1847 :  Avril. Deuxième voyage à Lima. Voyage à Paris.

Retour en Amérique du Sud. Il arrive à Rio de Janeiro le 15 octobre à bord du navire français Le Vaillant. Il demeure à Rio de Janeiro, 163, Rua de Ouvidor. Il peint le Portrait de l'Empereur Dom Pedro II du Brésil à 21 ans (huile sur toile, collection du Museu-Instituto Cultural Banco Santos, Rio de Janeiro) ainsi que le Portrait de l'Impératrice Thereza Christina Maria.

1848 : Le 17 janvier, il est décoré de l'Ordre des Chevaliers du Cruzeiro par l'empereur du Brésil.

 

R.A.Monvoisin.Portrait de l'Empereur Dom Pedro II du Brésil à 21 ans (collection Museu-Instituto Cultural Banco Santos, Rio de Janeiro)


Retour au Chili. Il demeure au domaine de Los Molles et ouvre un atelier à Santiago (l'ancien atelier du peintre Français Ernest Charton de Treville). La même année, assisté par Clara Filleul (1822-1888), il ouvrit un atelier à Valparaiso, d'abord dans la rue Del Cabo, puis au 90, rue del Colegio.

1849 : Voyage à Copiapo. Il fonde une société commerciale : « Monvoisin y Compañia » (Monvoisin et Associés) pour l'exploitation des mines d'argent. Durant cette année, il peint sur les murs de son domaine (huile sur plâtre) des scènes consacrées aux muses.

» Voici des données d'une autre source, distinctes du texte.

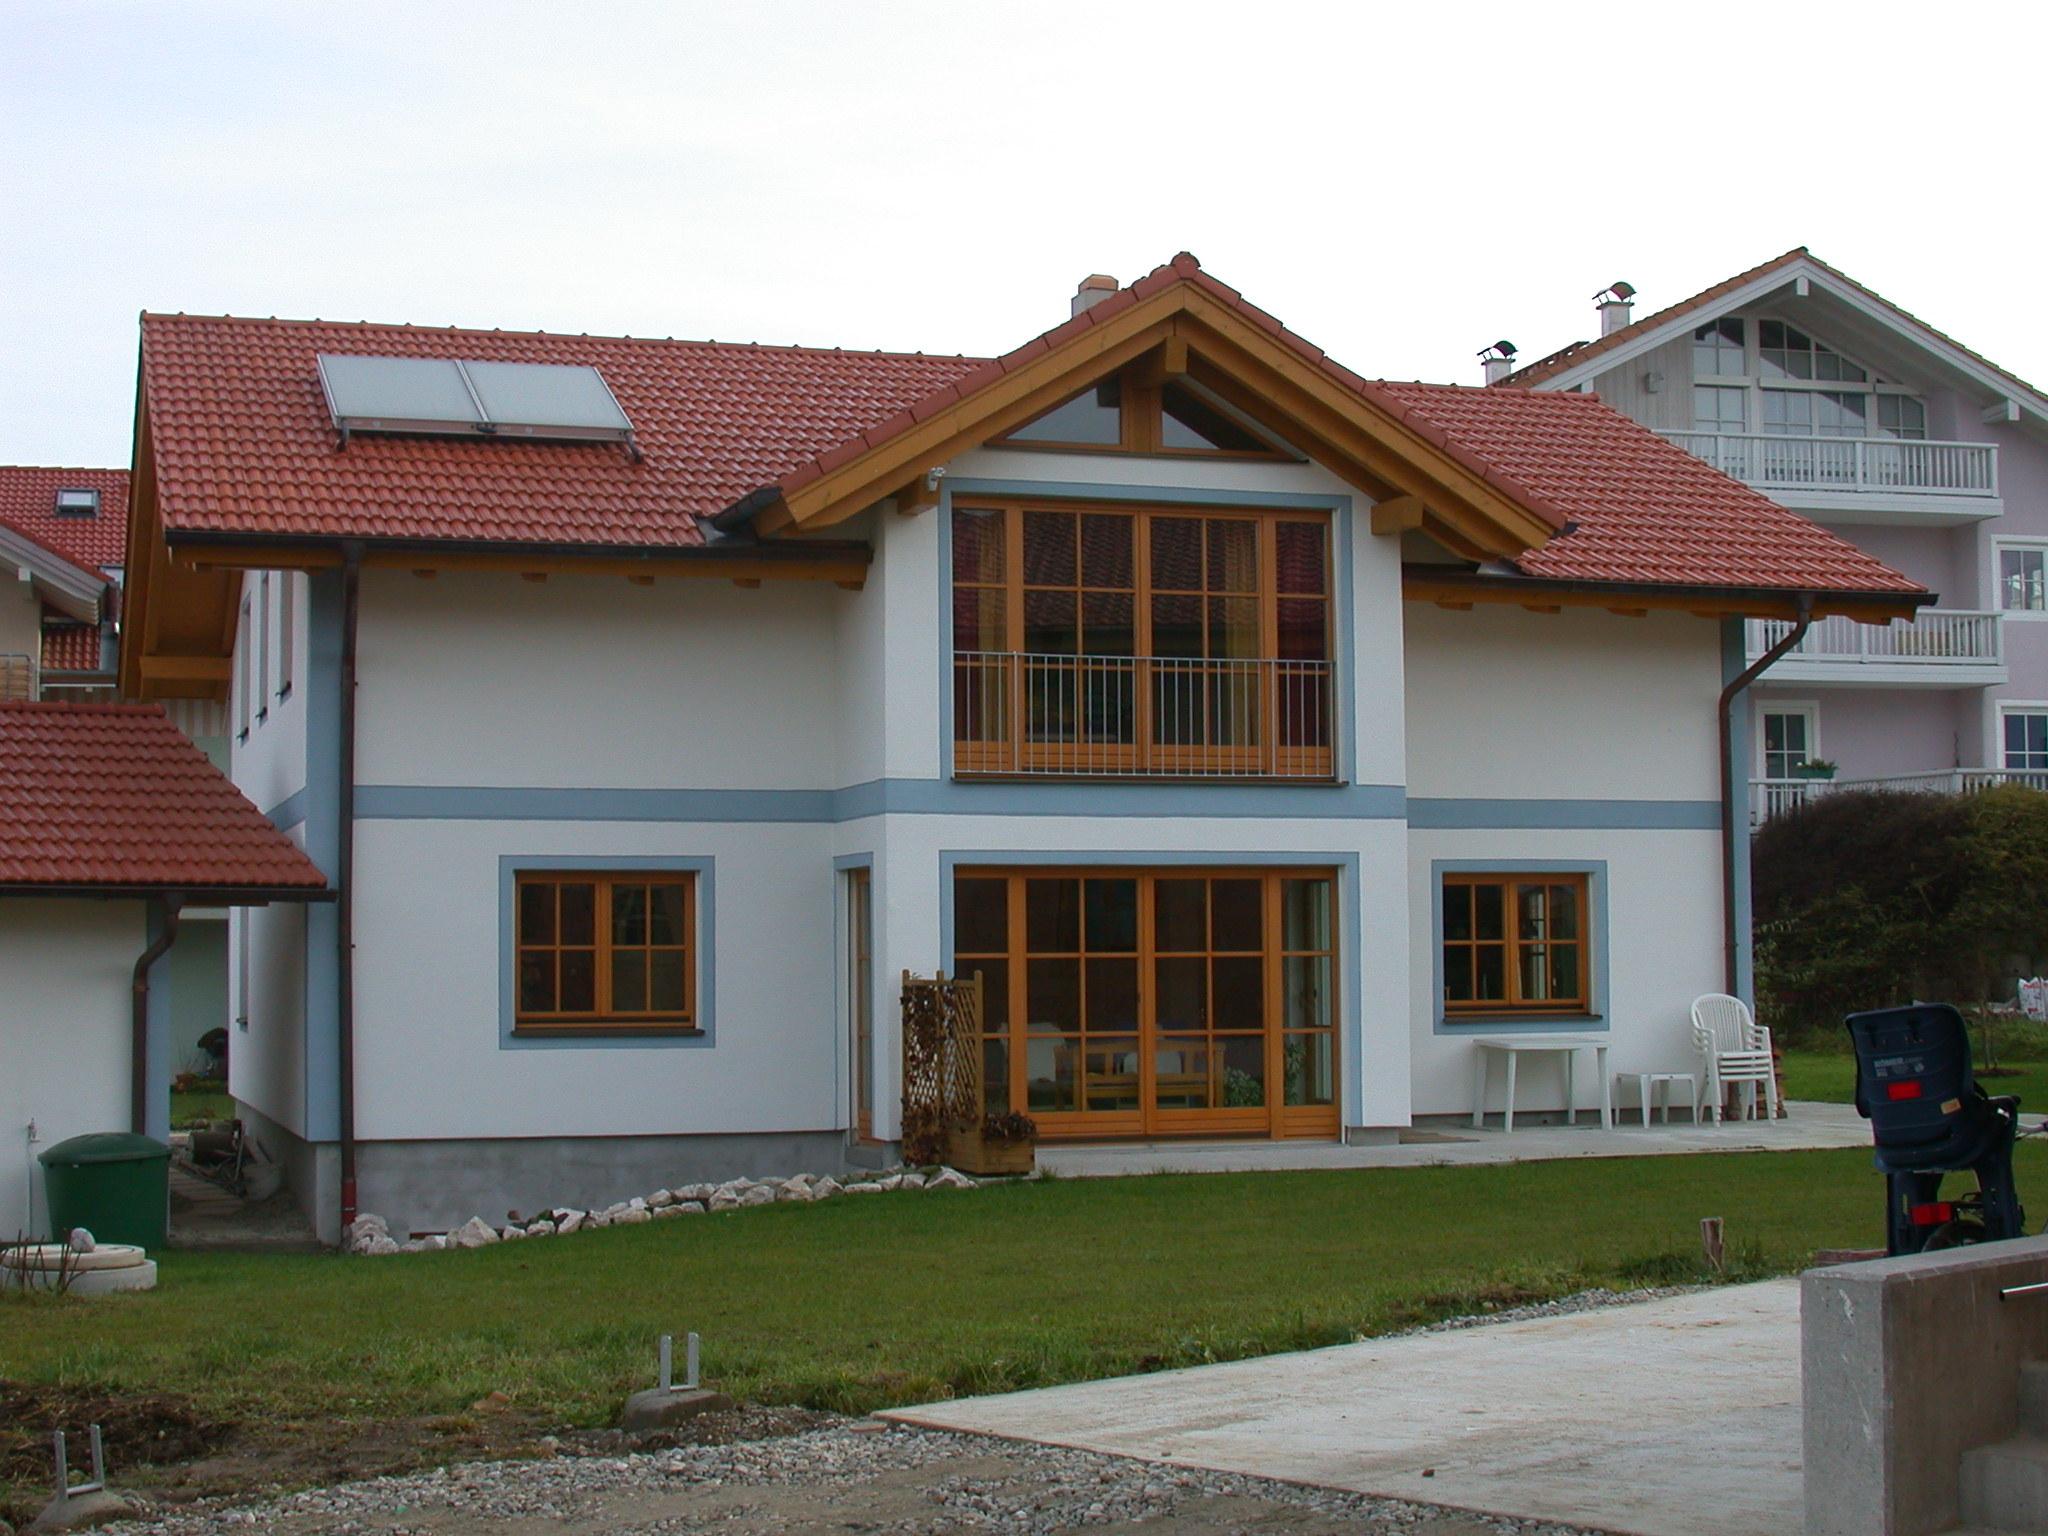 Einfamilienhaus, Bad Endorf, BJ 2003

1852 : Commandes de sujets religieux. À la demande de monsieur Francisco de la Arriagada Argomedo (1808-1872), un influent propriétaire terrien, il peint pour la cathédrale de la Santísima Concepción (Concepción) une huile sur toile représentant un Christ (338 x 235 cm.). Pour cette peinture, il demande la somme de 6.000 pesos en or. Il effectue aussi une Vierge Purísima (collection Alvarez Urquieta) et un portrait d'un Chanoine (Canónigo, cathédrale de Concepción).

1854 : Voyage dans la région australe de l'Araucanie.

1855 : La démission d'O'higgins (localisation inconnue). Selon Benjamin Vicuña-Mackenna : « je vis cette dernière toile en 1860, mal enroulée, dans une boutique, à Lima. Heureusement j'en fis faire une photographie, qui fut reproduite en gravure ».

1856 : Le 1 janvier, l'artiste fait part de son souhait de quitter définitivement le Chili pour rentrer en France. Il organise une vente d'atelier : toiles, plâtres et objets d'art divers.

1857 : Le 3 Septembre. Voyage de retour en France à bord du trois-mâts français Le Coquimbo, navire affecté au transport de nitrate. Le 24 décembre, il arrive au port de Pauillac (Gironde).

1858 : Le 1 janvier. Arrivée à Paris. Demeure au 2ème étage du 3, Quai-Conti.

1859 : Il peint Les réfugiés du Paraguay (il existe une aquarelle sur papier, 32 x 24 cm, appartenant à la collection Museo Nacional de Bellas-Artes de Buenos-Aires, portant le même titre)

Il expose à Paris : Le cacique Caupolican, grand chef des Araucans, prisonnier des Espagnols  (Huile sur toile, 220 x 277 cm, collection Museo O'Higginiano y Bellas-Artes de Talca) et Elisa Bravo, la naufragée dit  Le naufrage du Joven Daniel  (Huile sur toile, 176 x 130 cm, collection Museo O'Higginiano y Bellas-Artes de Talca). Ces deux tableaux furent vendus par son épouse, Dominique Monvoisin à la famille chilienne Cousiño-Goyenechea.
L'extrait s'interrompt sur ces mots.